> [WORK ITEM]: Starting from the line containing "CHANEL black leather", give again every line through the end of the entries, word for word. Pictures stay out of the copy.

(Dataset entries)

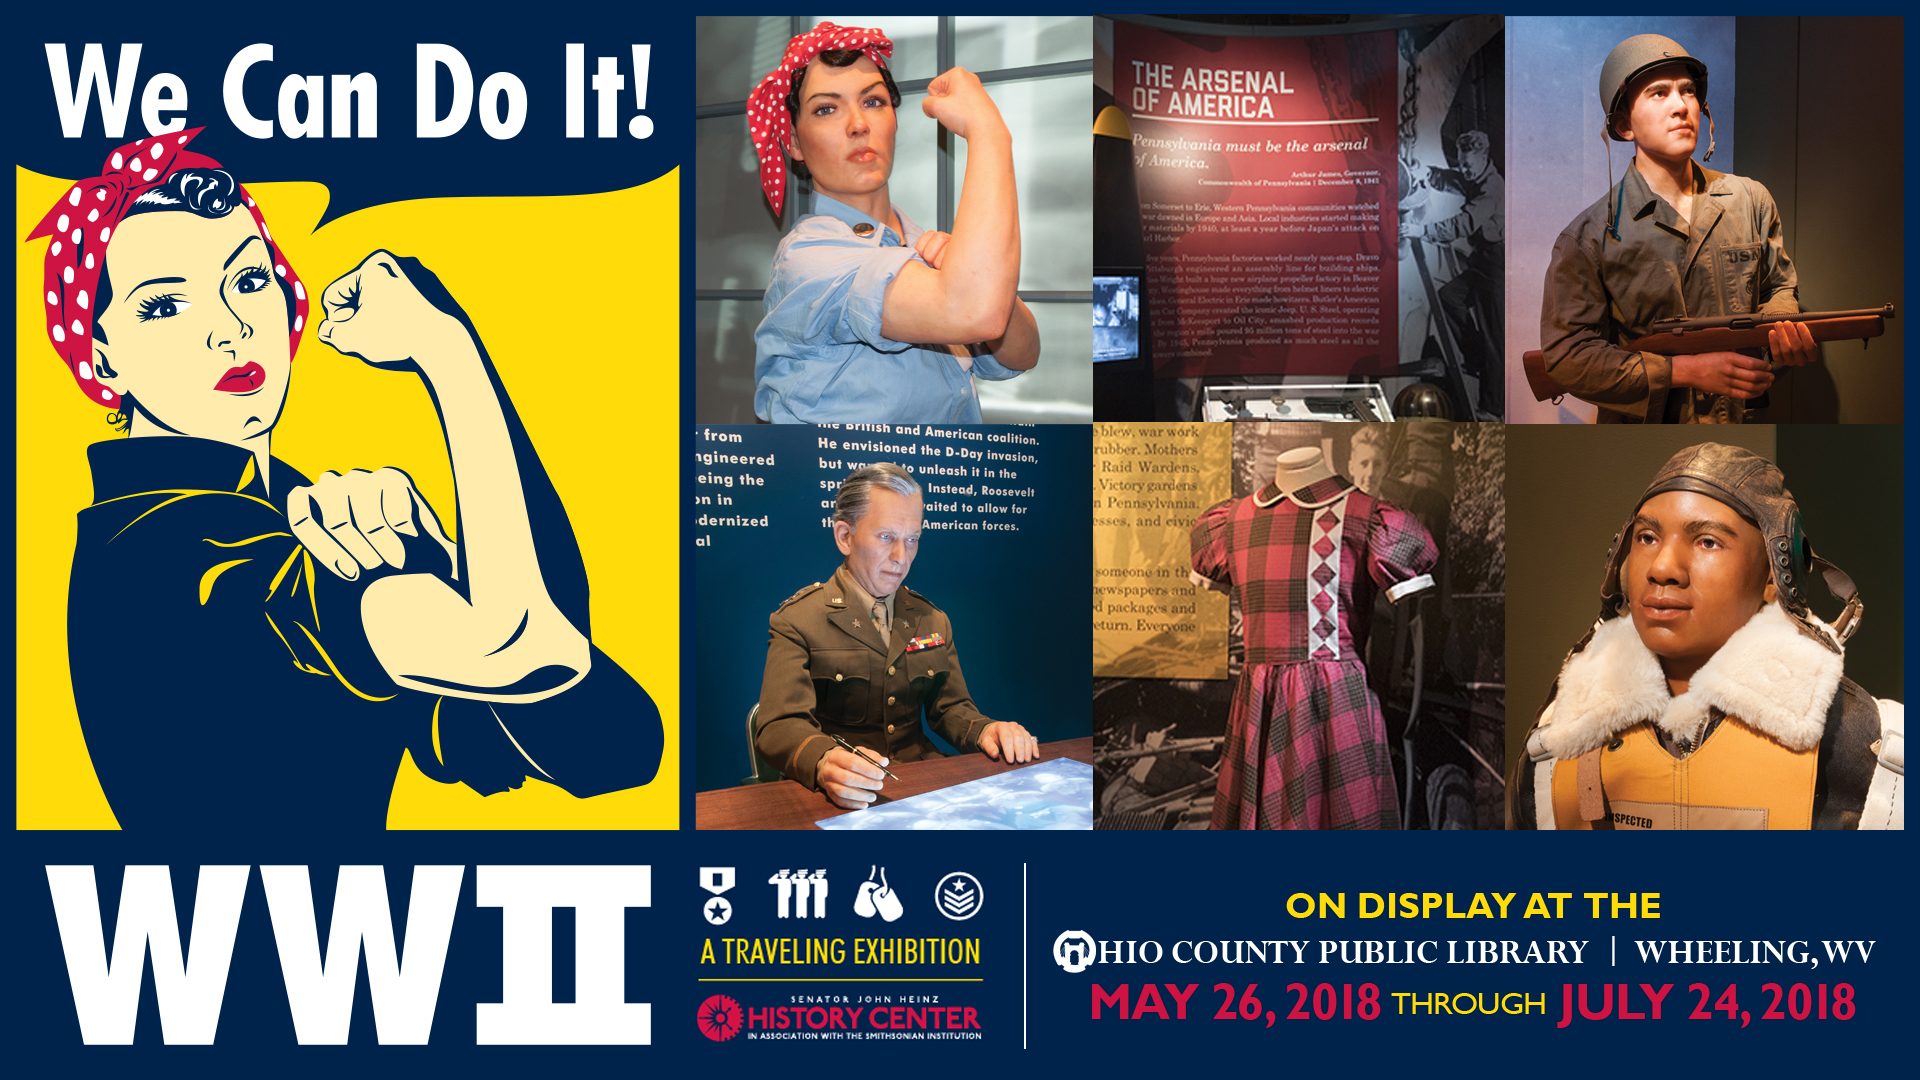 Heinz History Center WWII Traveling Exhibit will be at the Ohio County Public Library from May 26 to July 24, 2018/
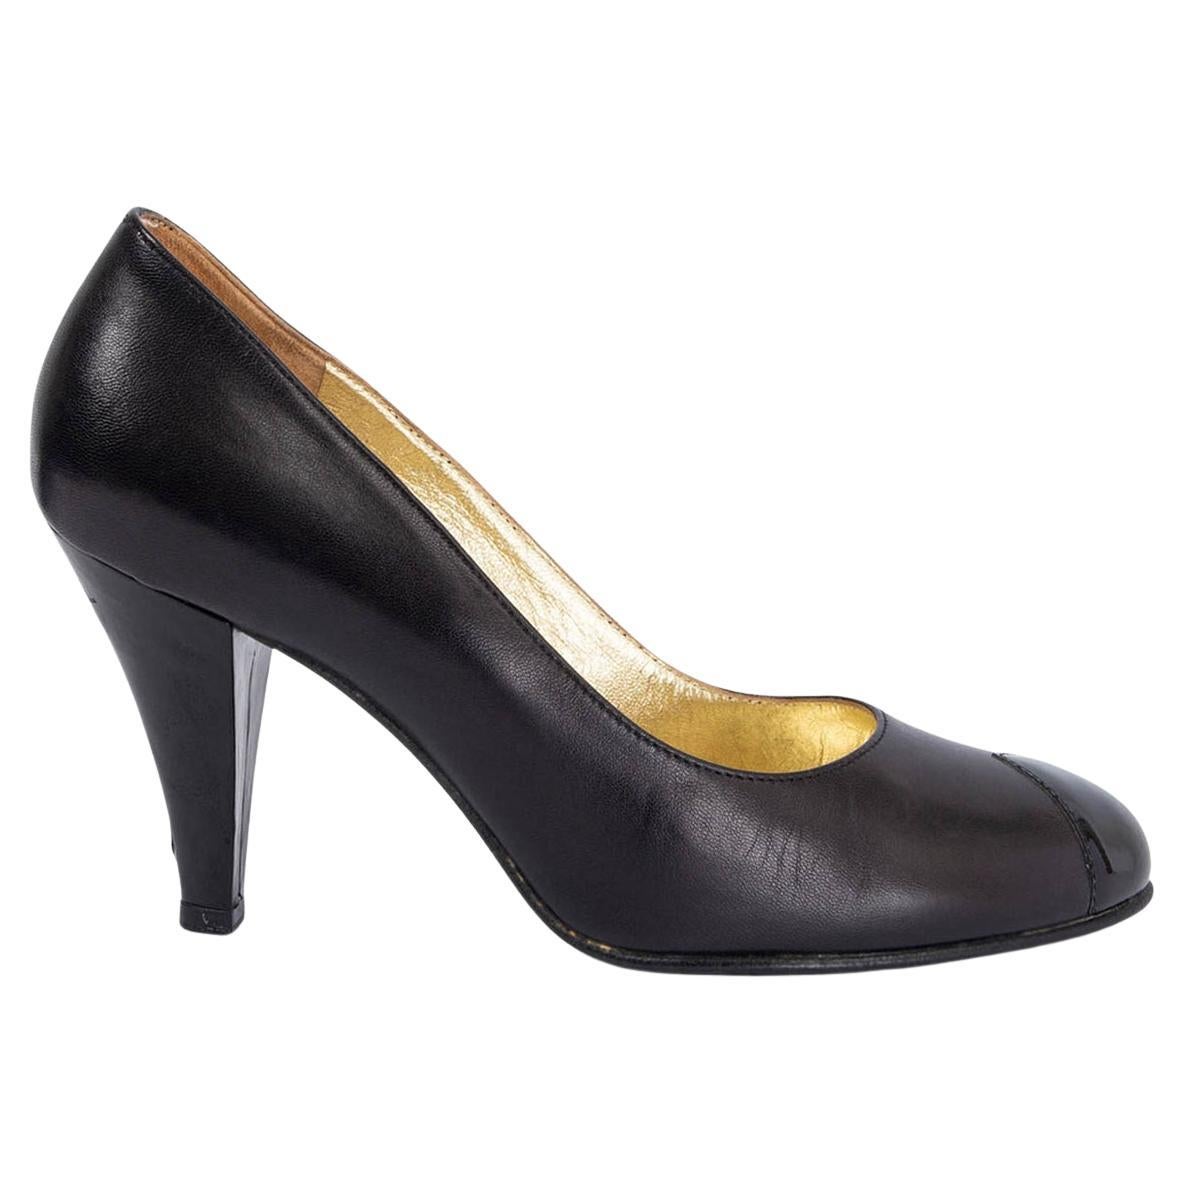 CHANEL black leather & patent Round Toe Pumps Shoes
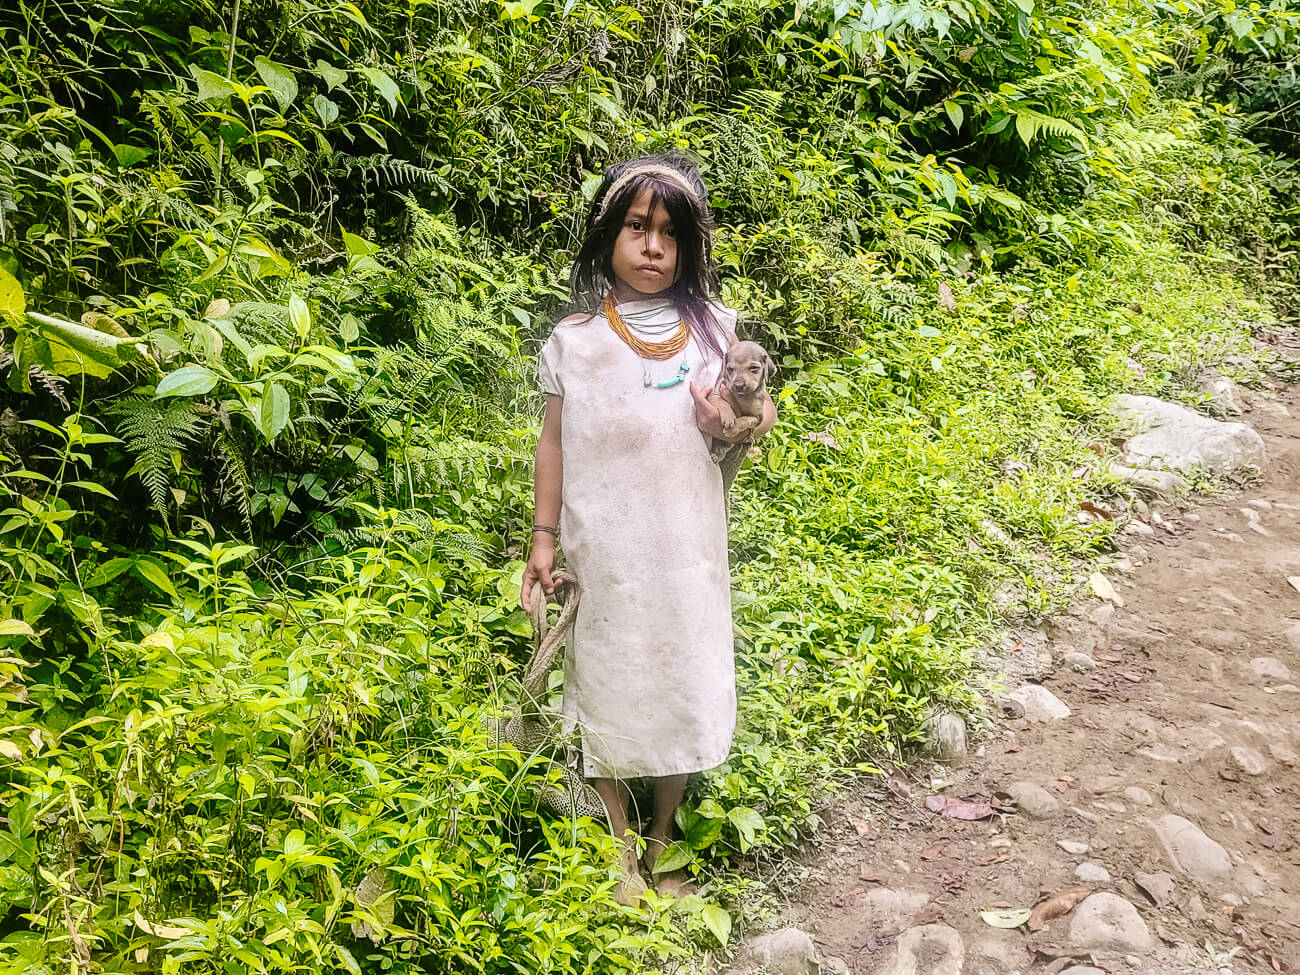 indigenous girl with dog in Sierra Nevada de Colombia
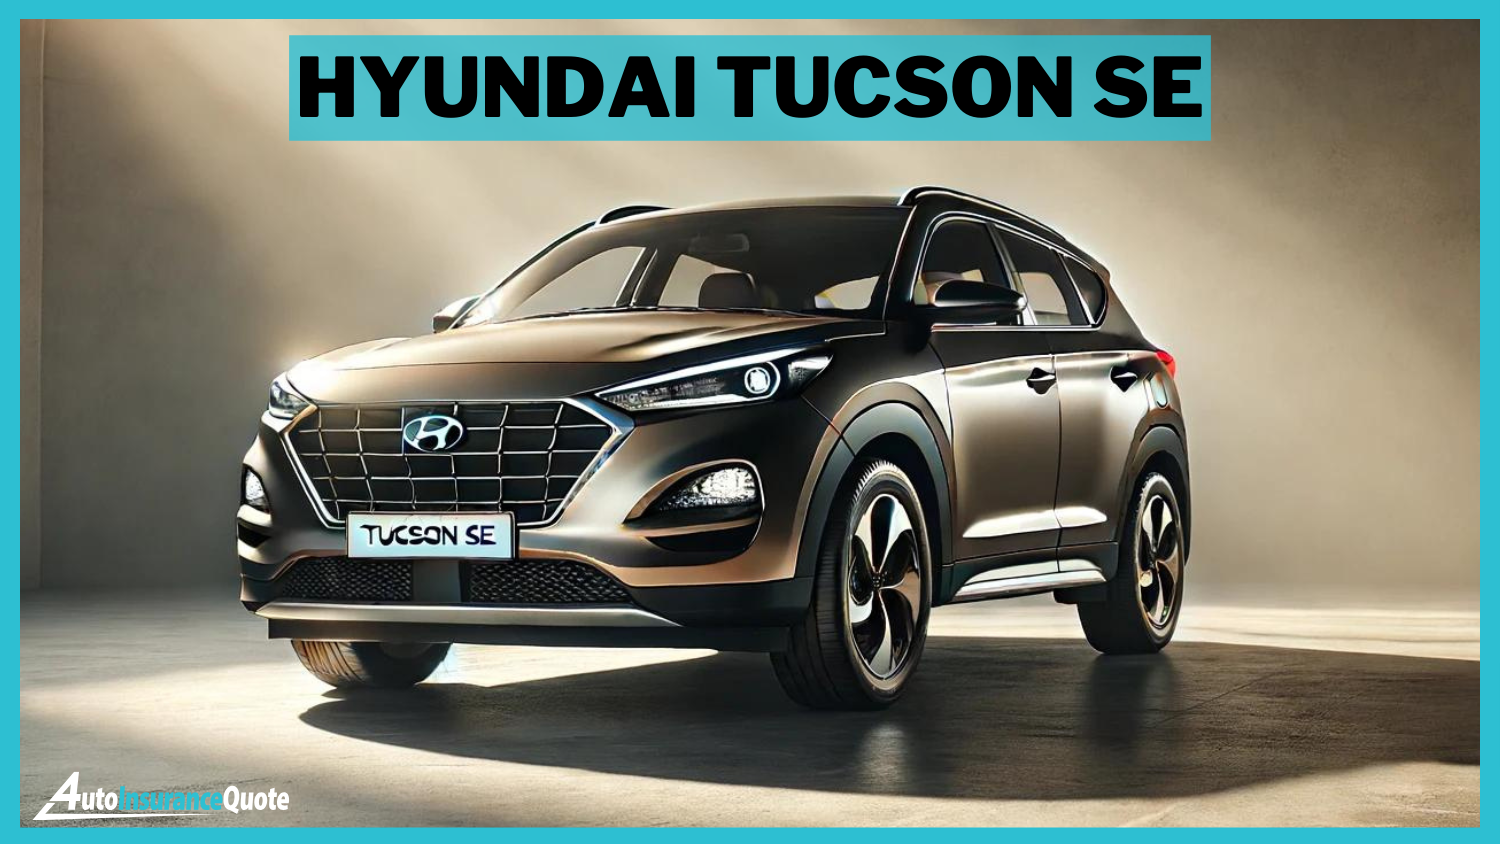 Hyundai Tucson SE: Cheapest Cars for 17-Year-Olds to Insure
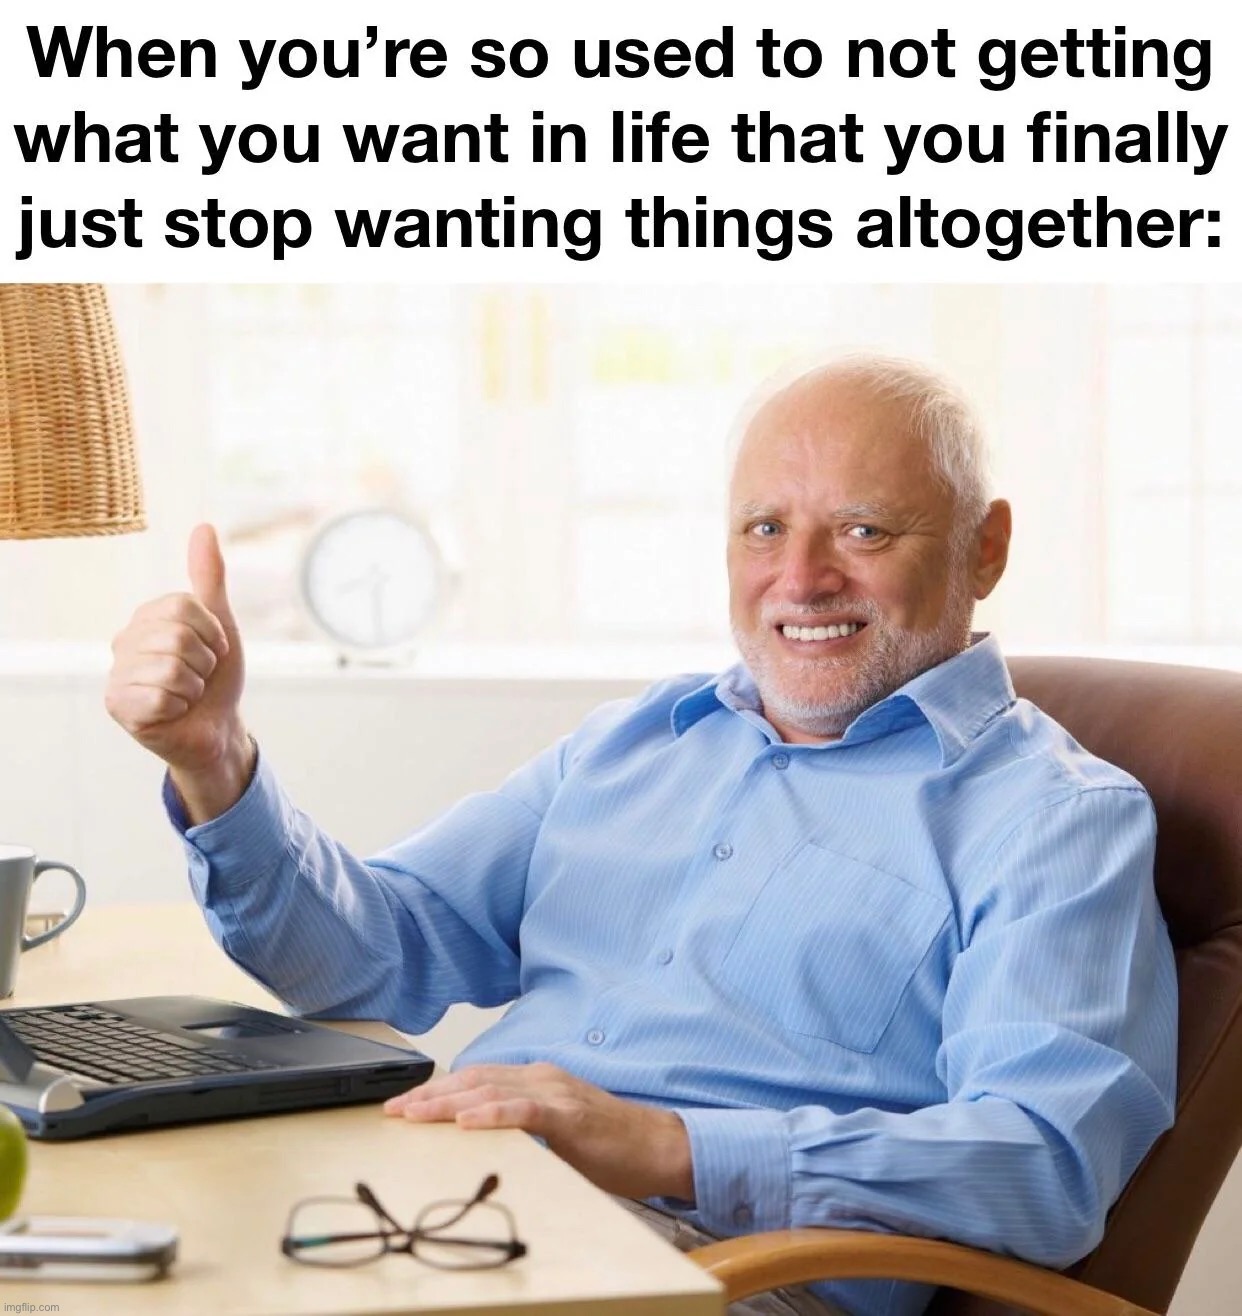 we're reaching levels of relatable that shouldn't even be possible | image tagged in memes,relatable memes,relatable,me irl,hide the pain harold,real | made w/ Imgflip meme maker

> [ANSWER AREA]:
 CHANEL black leather & patent Round Toe Pumps Shoes
 indigenous girl with dog in Sierra Nevada de Colombia
 Hyundai Tucson SE: Cheapest Cars for 17-Year-Olds to Insure
 we're reaching levels of relatable that shouldn't even be possible | image tagged in memes,relatable memes,relatable,me irl,hide the pain harold,real | made w/ Imgflip meme maker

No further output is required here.